It's how it looks AND How it works (historic design)

Were Frances Stuart's clothes
designed to work?
What did she need to do
 while wearing this glam outfit?
This portrait is from an exhibit I went to on a recent trip to London. I talk about visiting London through a sewists eyes, in my June Enchanted by Sewing podcast.

This dress is gorgeous all right, but does it have anything to do with something a middle class California woman would sew today?

Is the tendency to think gorgeous is the be-all-end-all of a garment something that only the gold-satin bedecked Frances Stuart had to cope with three plus centuries ago?

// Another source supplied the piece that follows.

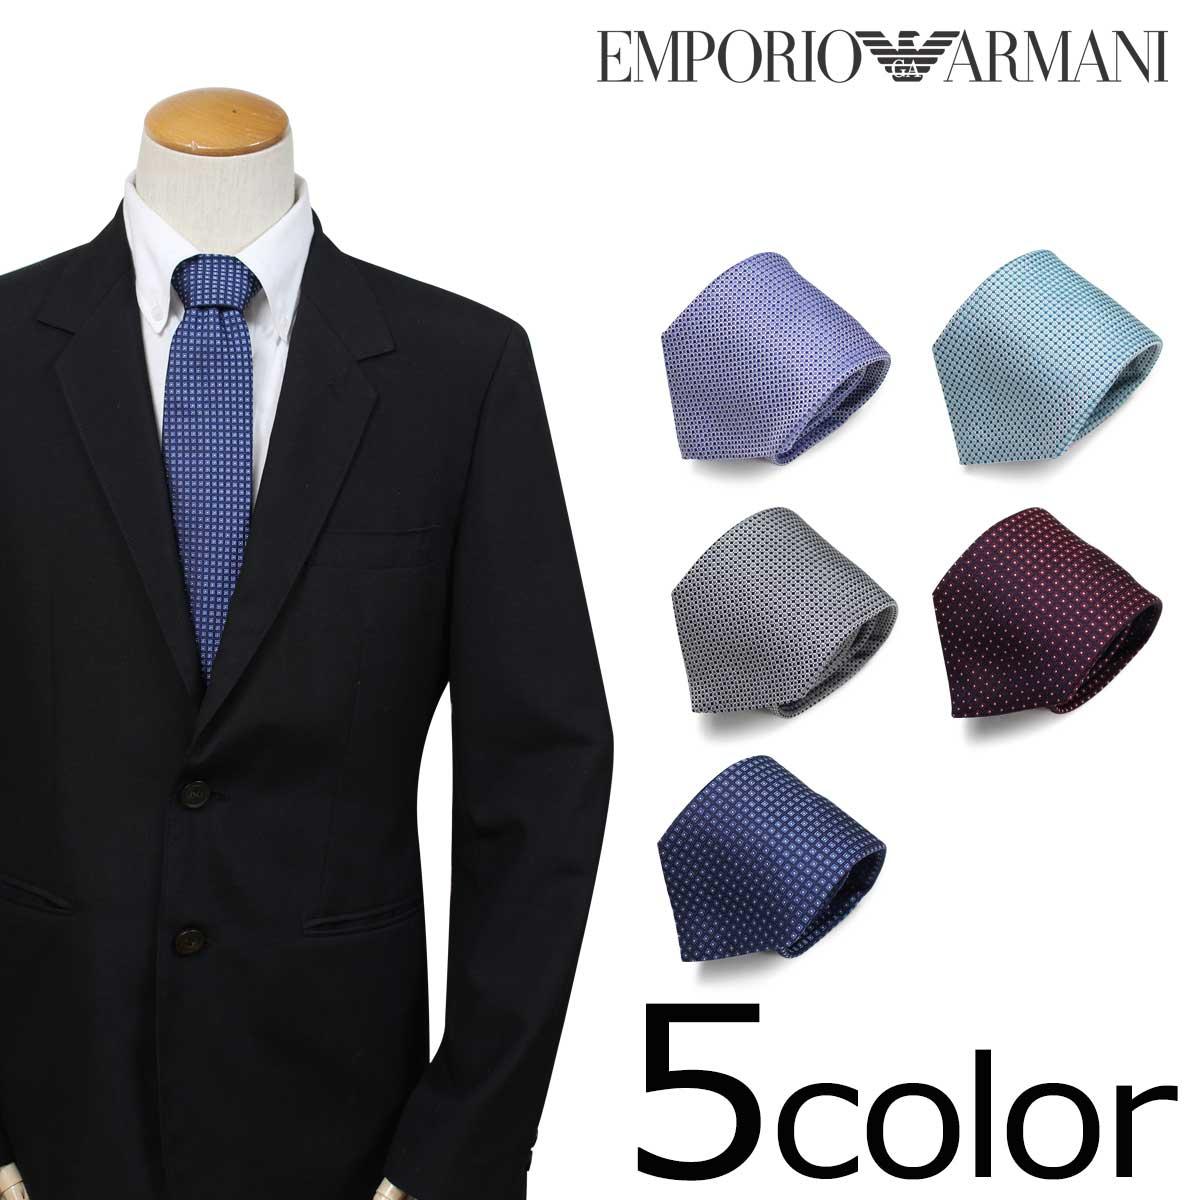 エンポリオ アルマーニ ネクタイ EMPORIO ARMANI イタリア製 シルク ビジネス 結婚式 メンズ [9/5 追加入荷]

As a sewing student in the Cañada Community College Fashion Program, I was particularly interested to read about the experiences of students at the Academy of Art in San Francisco. The piece (http://www.sfchronicle.com/style/article/Four-Seasons-S-F-serves-up-new-uniforms-4506762.php )  describes a project involving the students designing new uniforms for people who serve food at the Four Seasons Hotel.

This was the phrase that had me laughing. "A normal project, we just design what we like, what we imagine in our heads," she said. "This was different. The winning uniform is actually in production, so we have to think about the function of the design. They have to work in them."

Is that a novel thought, or what? Imagine, clothes that have to move around with the person wearing them, and work!

I may love Frances Stuart's glamorous gold dress, but would I really want to dress up like this? How comfortable was she in her corseted body? What was it like to move around in those skirts? Could she run away from scary things, or jump up and down in joy? What could she have done in this frock?

I love the inspiration I find in this dress- the sleeves, the shimmery golden color, and the lovely belt. And most of all, I love the fact that as a middle class woman of today, I can take ideas from this historic ensemble, and incorporate it into a job-able, comfortable, bike able modern design.

Reinterpreting historic details in modern day garments, keeps me enchanted by sewing.